Эта молнией сверкнувшая мысль служит пищей для новых невеселых рассуждений. «Ну и что из того, что вторник?.. А чем он лучше среды и всех остальных дней».
Проходит еще немало долгих минут, пока мне удается прийти к новому заключению: «Верно, вторник… Только вылезти отсюда — значит быть пойманным…»
Ну и что?
Мне нечего больше терять. И это сознание высвобождает меня из вязкой тины нудных рассуждений. Мне больше нечего терять, для меня нет иного пути, кроме избранного, куда бы он меня ни привел.
Мною вдруг овладевает то же чувство, какое я испытывал, карабкаясь по склону того холма, над которым свистели пули. Я вылезаю из трубы, удивляясь своей способности двигаться, поднимаюсь на ноги и озираюсь вокруг.
Вот я уже плещу себе в лицо холодной водой из лужи, чтобы сбросить с себя оболочку грязи и оцепенения.
Точно в семь, подталкиваемый медленным течением толпы, прохожу мимо входа в «Тиволи». Нет нужды подходить ближе, и отсюда прекрасно видно, что человек в клетчатой кепке и на этот раз отсутствует.
На месте «почтового ящика» стоит совсем другой человек. Но этот мне знаком гораздо больше, нежели тот, что в кепке и с самолетной сумкой. Это Борислав, я сразу узнаю его, хотя он в форме моряка торгового флота. Это Борислав — я чуть было не вскрикнул в бурной радости при виде своего друга в этом чужом городе, после стольких дней одиночества. Но возглас застревает в горле — мне нельзя к нему обращаться, я не имею права этого делать. Достаточно того, что Борислав сам меня заметил, и, если только его прислали ради меня, он уже знает, как ему быть дальше.
Я медленно прохожу мимо него, с болью ощущая, что все во мне бунтует, все вопит: «Вернись обратно! Ты что, с ума сошел, вернись!» Взяв себя в руки, я сворачиваю в маленькую улочку, прилегающую к парку. В сущности, это тупик, из него нет выхода, я знаю об этом и все же иду туда, потому что мне некуда больше идти, потому что Борислав…

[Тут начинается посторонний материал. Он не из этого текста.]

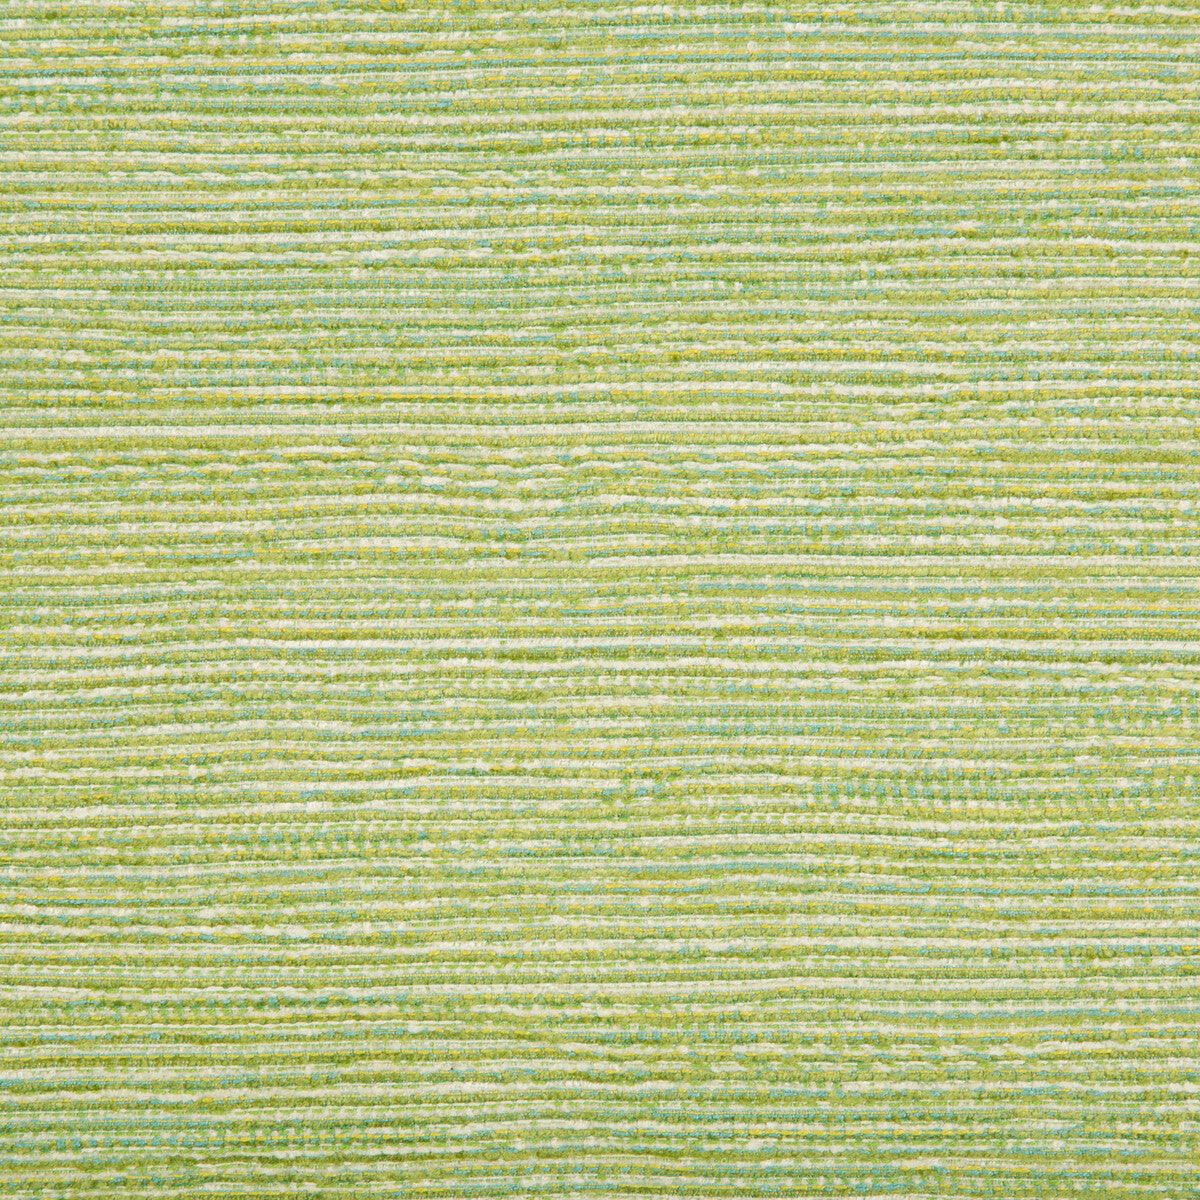 Kravet Design fabric in 34696-23 color - pattern 34696.23.0 - by Kravet Design in the Crypton Home collection

— Эмиль! — слышится позади знакомый голос.
Я останавливаюсь и, прежде чем повернуться к нему, стараюсь придать своему лицу спокойное, твердое выражение. Как и подобает человеку, на которого возложена ответственная задача.
— Повстречались они и не узнали друг друга, да? — произносит Борислав, сграбастав меня за плечи. — Но я-то тебя узнал, хотя и не сразу… Здорово же ты замаскировался, браток. Так замаскировался, будто с того света вернулся…
Два часа спустя я ступаю на борт немецкого торгового судна, отбывающего в Росток. Пограничный контроль прохожу без затруднений — я в списке экипажа, и мой паспорт, равно как матросская форма, не вызывает сомнения.
В сумраке ночи, за громадами складских помещений, раскинулся большой город, усыпанный мириадами электрических звезд, а там, дальше, застыли на долгие часы глухие пригороды, а за ними тянутся те самые пустыри с множеством ям, где над спящими водами канала заснул в своей немоте мрачный барак.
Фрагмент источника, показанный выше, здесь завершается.